Copy the listing below exactly, but skip the pictures.

COLLECTED MATERIAL:
_ _ _ _ _
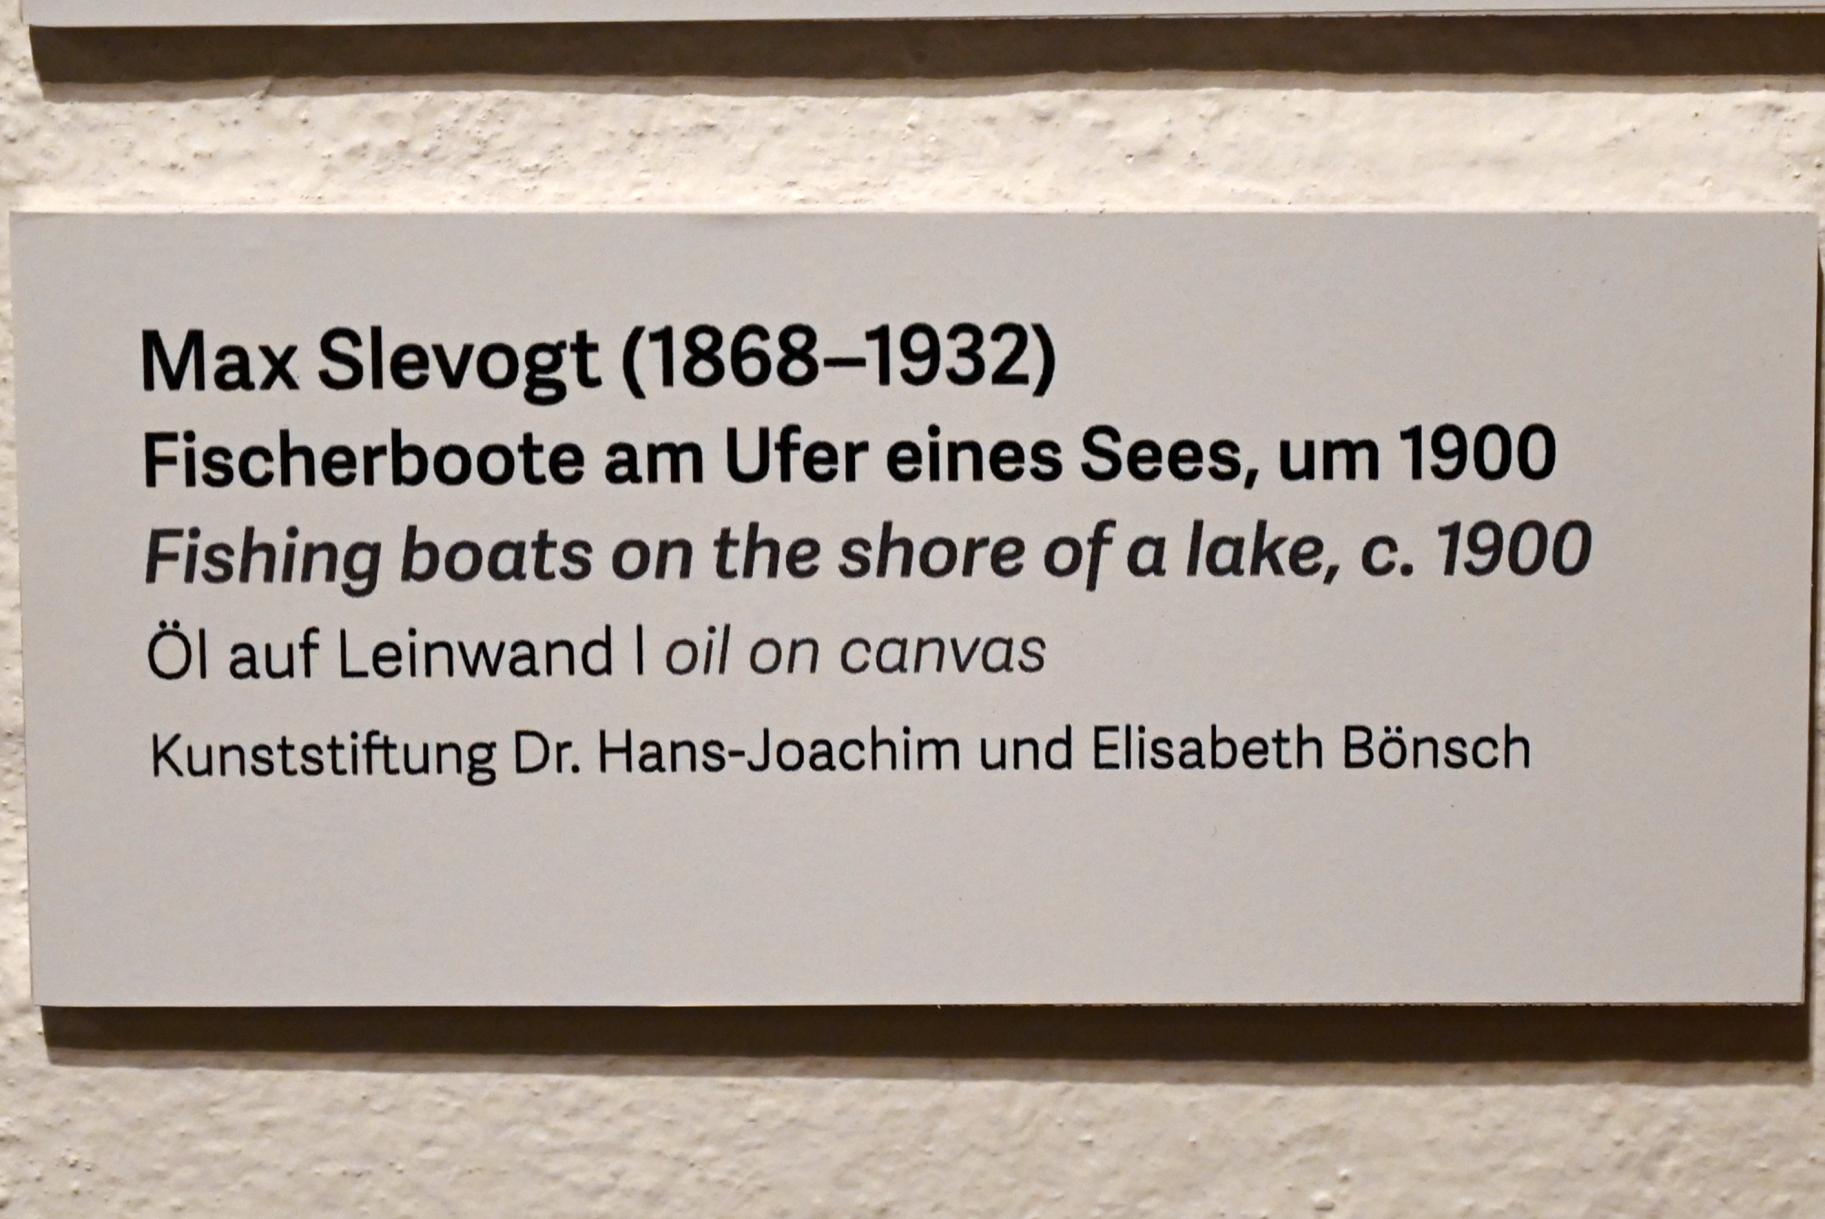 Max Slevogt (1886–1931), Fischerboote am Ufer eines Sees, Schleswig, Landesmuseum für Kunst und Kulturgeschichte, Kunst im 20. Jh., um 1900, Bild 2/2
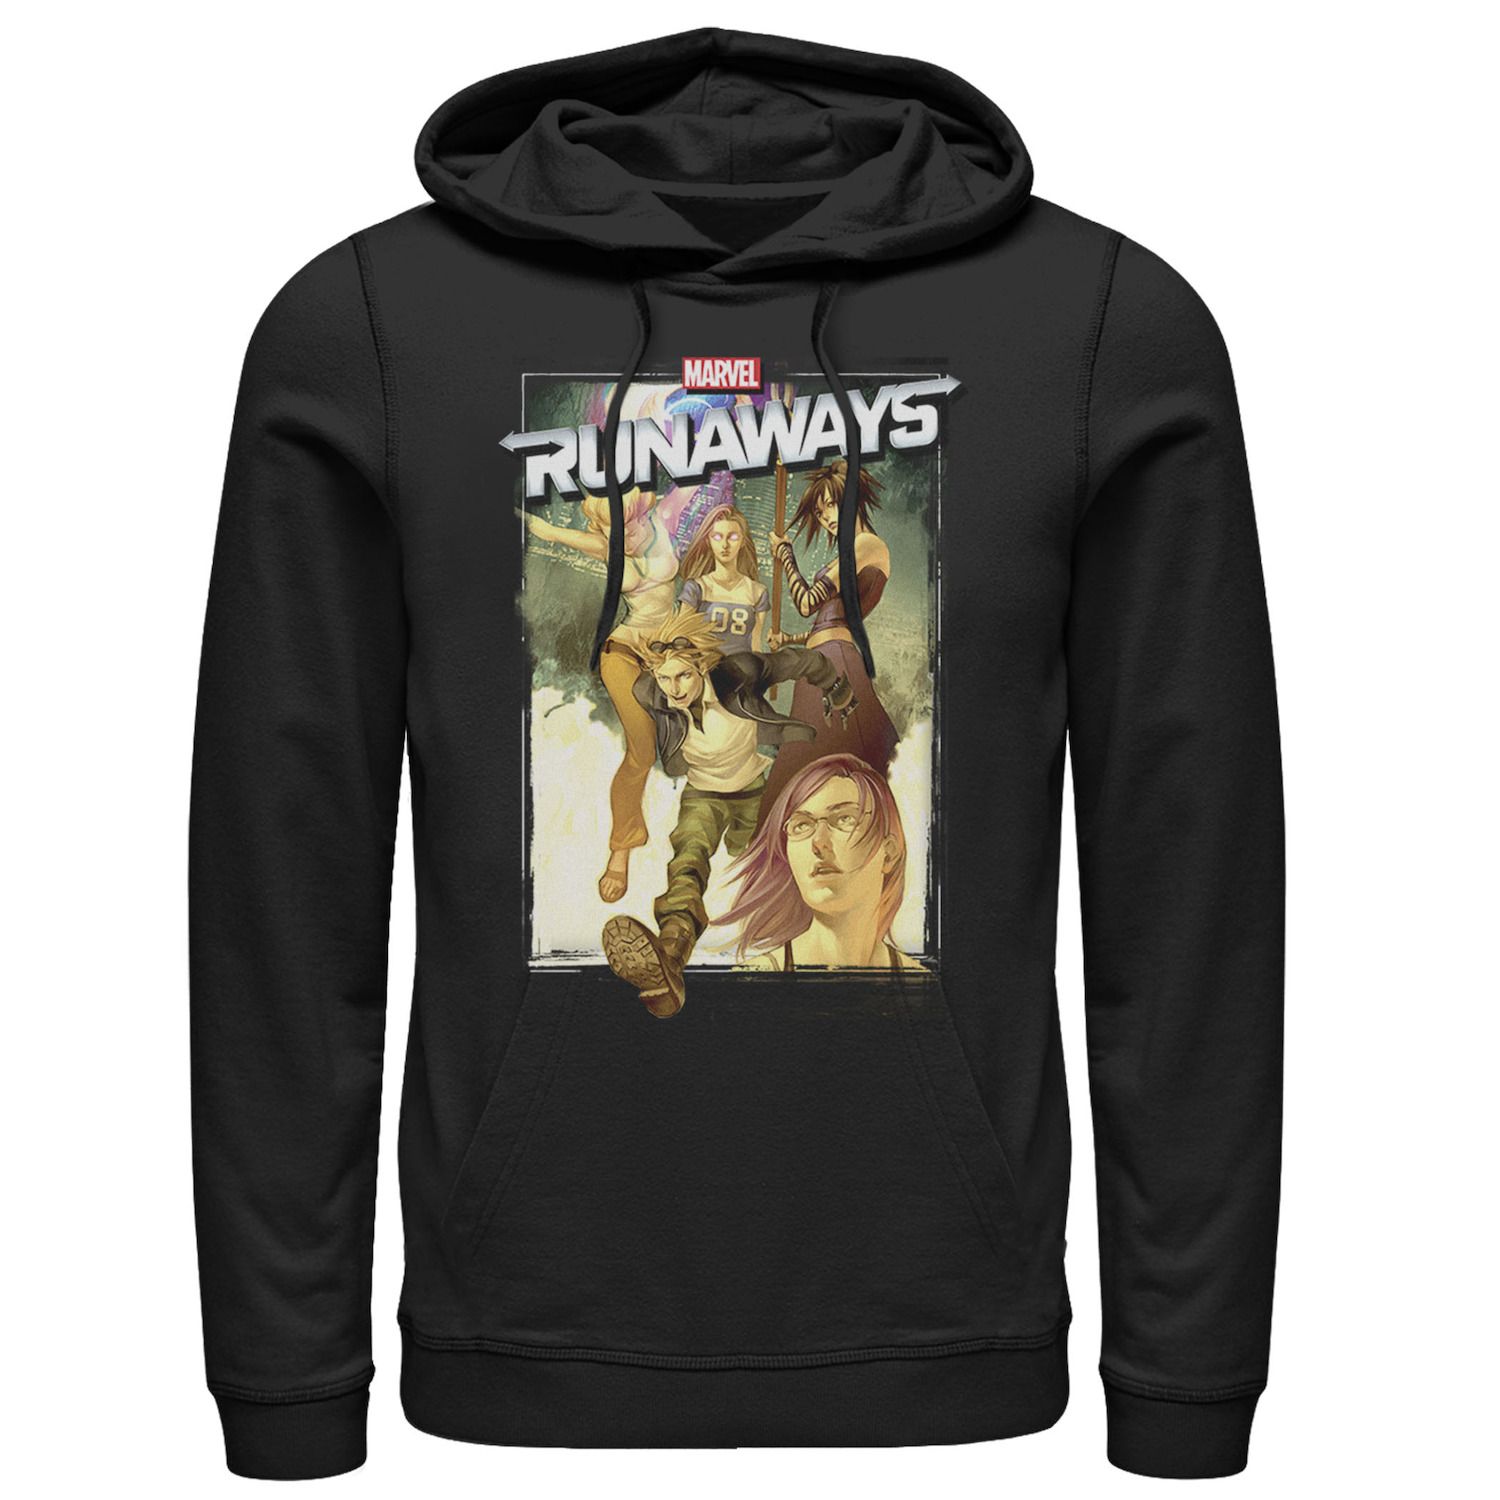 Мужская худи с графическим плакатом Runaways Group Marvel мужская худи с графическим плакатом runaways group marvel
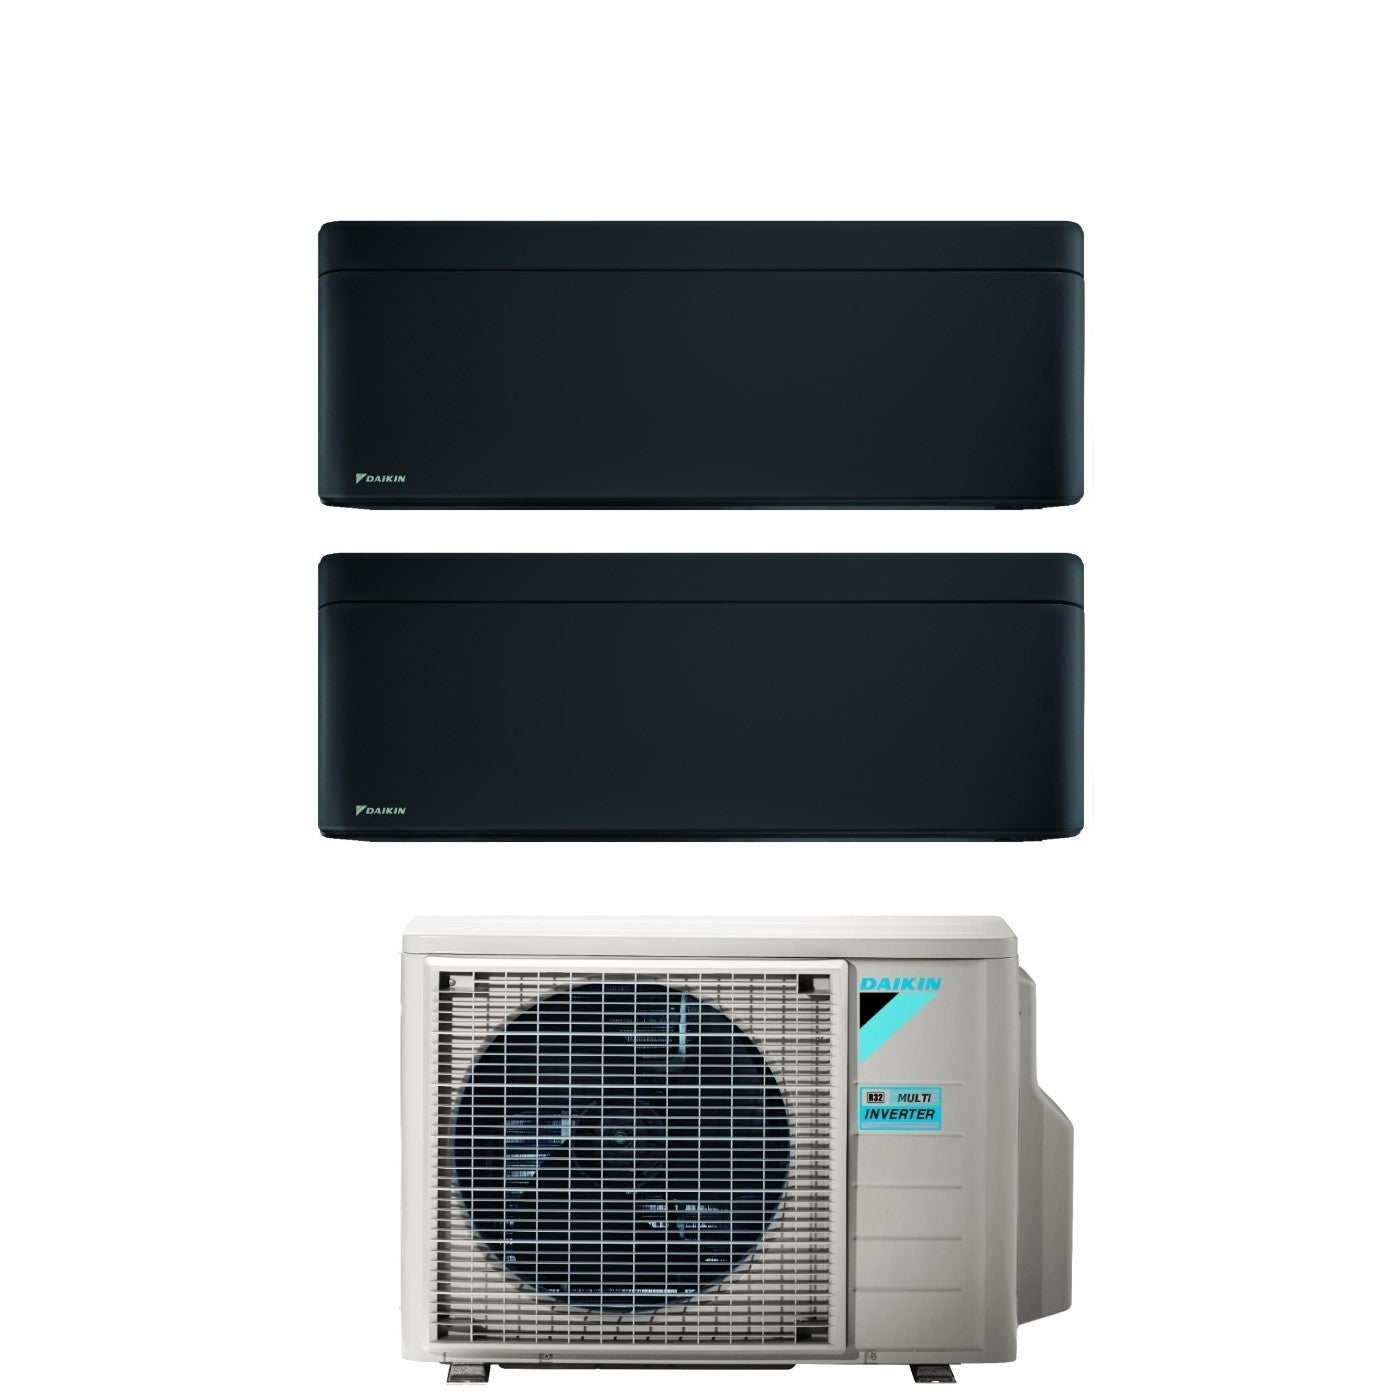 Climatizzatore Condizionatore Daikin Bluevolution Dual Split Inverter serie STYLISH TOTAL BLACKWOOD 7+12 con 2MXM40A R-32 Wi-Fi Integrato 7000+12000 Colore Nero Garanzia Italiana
_ _ _ _ _
ANSWER TO THIS PROBLEM:
 Max Slevogt (1886–1931), Fischerboote am Ufer eines Sees, Schleswig, Landesmuseum für Kunst und Kulturgeschichte, Kunst im 20. Jh., um 1900, Bild 2/2
 Мужская худи с графическим плакатом Runaways Group Marvel мужская худи с графическим плакатом runaways group marvel
 Climatizzatore Condizionatore Daikin Bluevolution Dual Split Inverter serie STYLISH TOTAL BLACKWOOD 7+12 con 2MXM40A R-32 Wi-Fi Integrato 7000+12000 Colore Nero Garanzia Italiana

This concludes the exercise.